Microcephalin and pericentrin regulate mitotic entry via centrosome-associated Chk1.

Tibelius A, Marhold J, Zentgraf H, Heilig CE, Neitzel H, Ducommun B, Rauch A, Ho AD, Bartek J, Krämer A

Clinical Cooperation Unit Molecular Hematology/Oncology and 2 Department of Tumor Virology, German Cancer Research Center, 69120 Heidelberg, Germany.
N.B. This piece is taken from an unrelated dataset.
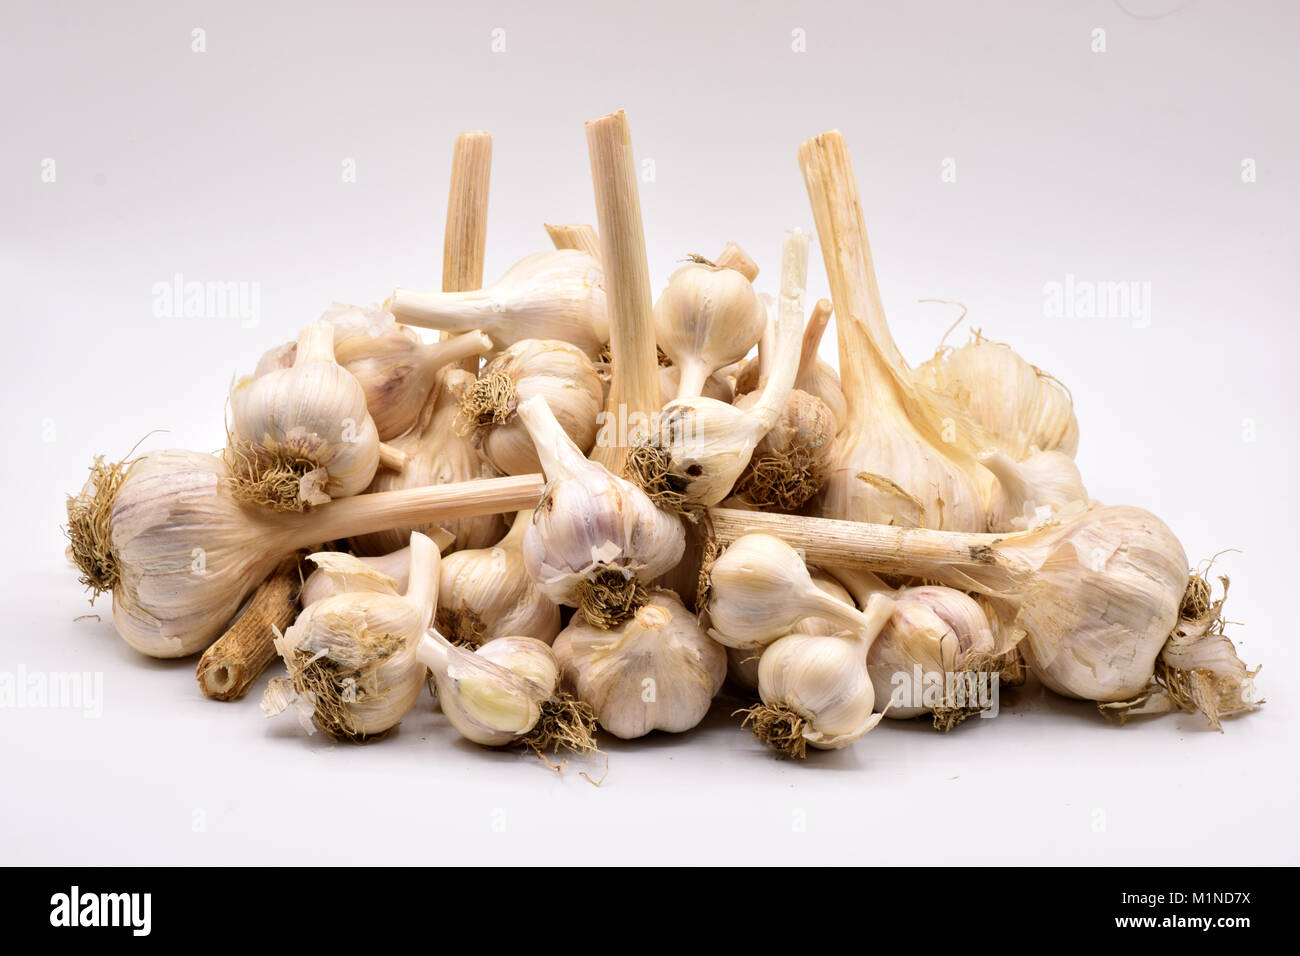 Deliziosi bulbi di aglio con lunghi steli disposti su una transizione senza sfondo bianco Foto Stock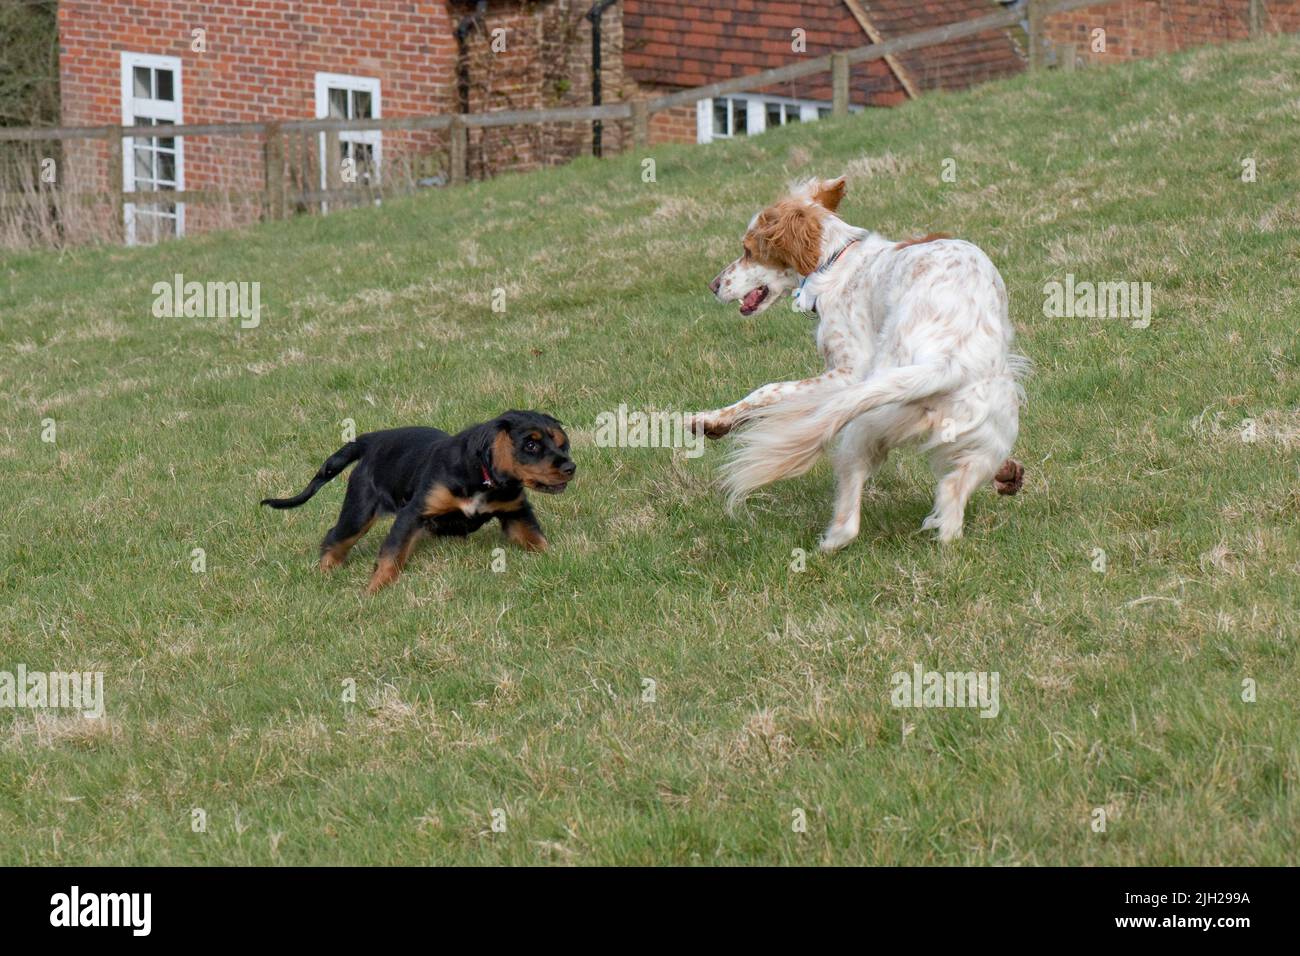 Un cane setter inglese che gioca con un cucciolo di spaniel cocker e che si diverte nonostante le loro dimensioni e la differenza di età, Berkshire, aprile Foto Stock

Primary microcephaly, Seckel syndrome, and microcephalic osteodysplastic primordial dwarfism type II (MOPD II) are disorders exhibiting marked microcephaly, with small brain sizes reflecting reduced neuron production during fetal life. Although primary microcephaly can be caused by mutations in microcephalin (MCPH1), cells from patients with Seckel syndrome and MOPD II harbor mutations in ataxia telangiectasia and Rad3 related (ATR) or pericentrin (PCNT), leading to disturbed ATR signaling. In this study, we show that a lack of MCPH1 or PCNT results in a loss of Chk1 from centrosomes with subsequently deregulated activation of centrosomal cyclin B-Cdk1.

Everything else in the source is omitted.